But, not so deep inside you, that not-so-still and not-so-small voice reminds you of the compromises you’ve made, the data you’ve ignored, the things you just don’t know if you believe. You want to do more, but that will require more computing, more modeling, more theory. Yes, more theory. More understanding of what these things called models do. Because, just like storybook characters take on a life of their own, just like Gollum wouldn’t die and Frank Bascombe comes up with wisecracks all on his own, and Ramona Quimby won’t stay down even if you try to make her, and so on and so on and so on, just like these characters, each with his or her internal logic, so any statistical model worth fitting also has its internal logic, mathematical properties latent in its form but, Turing-machine-like, impossible to anticipate before applying it to data—not just “real data” (how I hate that phrase), but data from live problems. And then comes Statistical Theory—the good kind, the kind that tells us what our models can and cannot do, when they can bend with the data and when they snap. (Did you know that doubly-integrated white noise can’t really turn corners? I didn’t, until I tried to fit such a model to data that went up, then down.) And you do your best with your Theory, and your simulations, and even your computing (yuck!). But you move on. And you hope that when it’s time to come back to this problem, you’ll have some better models at hand, things like splines and time series cross sectional models, and you’ll have a programming and modeling environment where you can just write down latent factors and have them interact, and you’ll be able to include three-way interactions, and four-way interactions, and . . . and . . . you hope that in ten years you’ll be fitting the models that, ten years ago, you thought you’d be fitting in five years. And you take a rest. You write up what you found and you write up exactly what you did (not always so easy to do). And a new question comes along. You want a quick answer. You try putting together available data in a simple way. You try some weighting. But you don’t believe your answer. You need more data. You need more model. You get to work.

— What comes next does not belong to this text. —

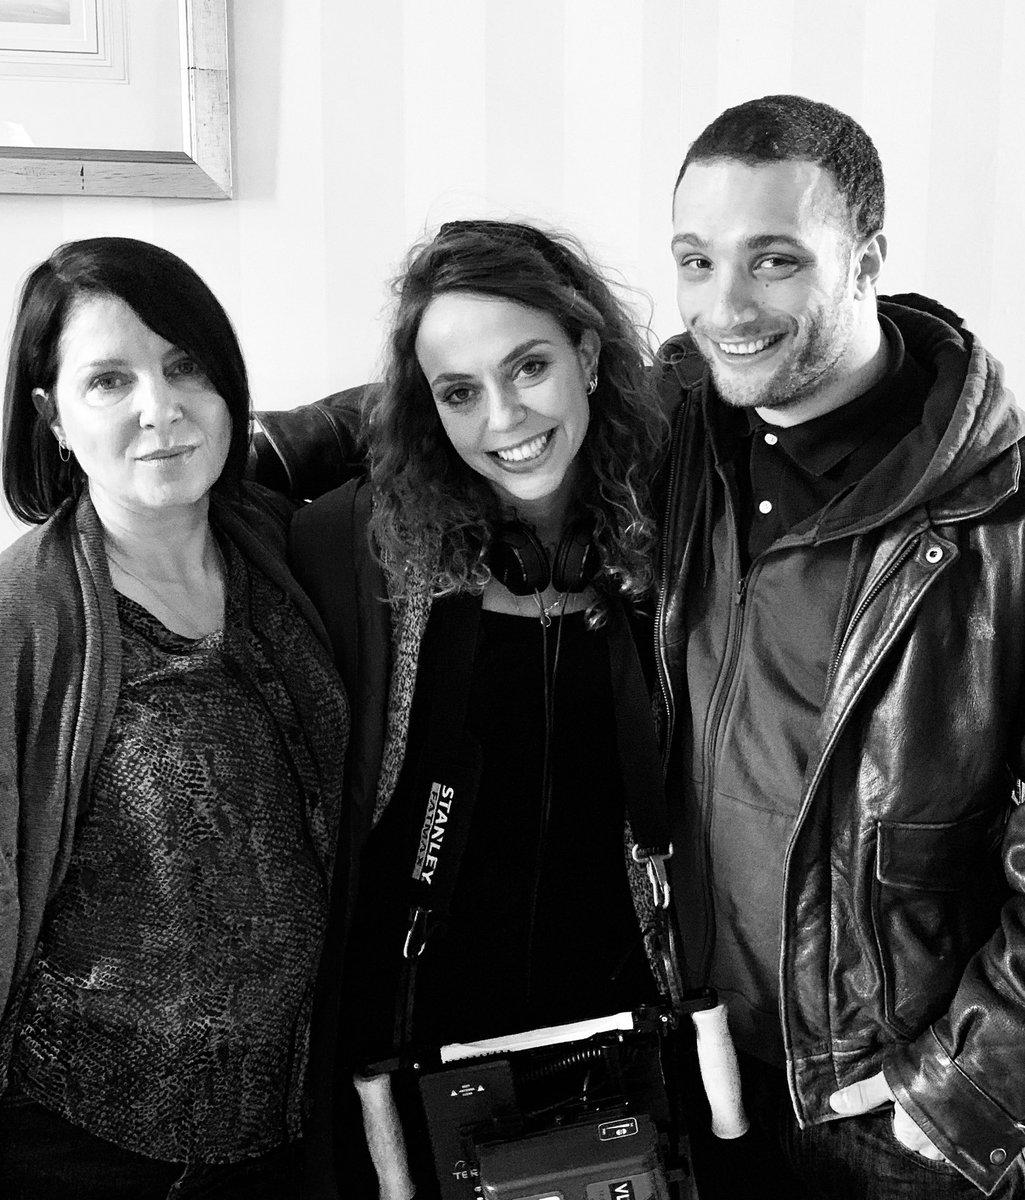 Missy Rayder,Rayveness Porno clips Brighton Sharbino,Jennifer Love Hewitt born February 21, 1979 (age 39)

That’s how it feels, from the inside.

11 thoughts on “That modeling feeling”

anon on July 23, 2009 7:33 AM at 7:33 am said:

Well said!! I'm at the point right now where I'm eagerly waiting to get a data set for a new project. Got kinda burned out on the last one although, like you say, I still have a bunch of questions in my mind about what I could have done or even maybe still should do on the project.
yolio on July 23, 2009 10:22 AM at 10:22 am said:

I really like this post.
Frank D on July 23, 2009 11:23 AM at 11:23 am said:

A better title for this post: 'The Modern Scientific Method'
anon2 on July 23, 2009 1:39 PM at 1:39 pm said:

Frank: So people not doing modeling are either out of date or unscientific? C'mon…

It might be useful to discuss how the conscience-wrestling Andrew describes (very well) gets shuffled around differently under different paradigms – but that most of it's there, in some form, for any flavor statistician.

Also, where's "That sinking feeling"? – the one you get, sometimes, when realizing that the available data just don't give a reasonable way to get from A to B.
Ethan White on July 23, 2009 7:26 PM at 7:26 pm said:

Fantastic
jonathan on July 24, 2009 7:36 AM at 7:36 am said:

There is one way: argue from first principles. As Kurt G said, "Arguing from first principles is very powerful." Of course, you're then limited to the small set of problems which can be addressed directly from first principles, but at least you know where you are!
Keith O'Rourke on July 24, 2009 10:19 AM at 10:19 am said:

I believe David Cox put this slightly more concisely with the comment "when working on an empirical (live) problem you can't _prevent_ someone from making a comment or suggestion that will totally change the way you thought you had resolved things"

A rough quote anyways and not at all meant to distract by authority ;-)

Keith
Josh Reich on July 25, 2009 8:41 AM at 8:41 am said:

You have no idea how good it feels to hear you say this. The continual self-evaluation, awareness of trade-offs and short-cuts, the acute awareness of short-cuts you know that you don't know that you are making, worrying about inductive biases.

I always thought that real statisticians worked exactly like the examples in textbooks. A follows directly from B, while I find myself touring Q, M, Zeta and D# before I settle on Bb and call it close enough.
fia on July 28, 2009 11:26 AM at 11:26 am said:

What a great post!
Brigindo on July 28, 2009 7:39 PM at 7:39 pm said:

You captured it perfectly.
Michael Bishop on August 18, 2009 6:13 PM at 6:13 pm said:

absolutely fantastically great post. i'd love to hear similar and/or critical thoughts from other people.

Comments are closed.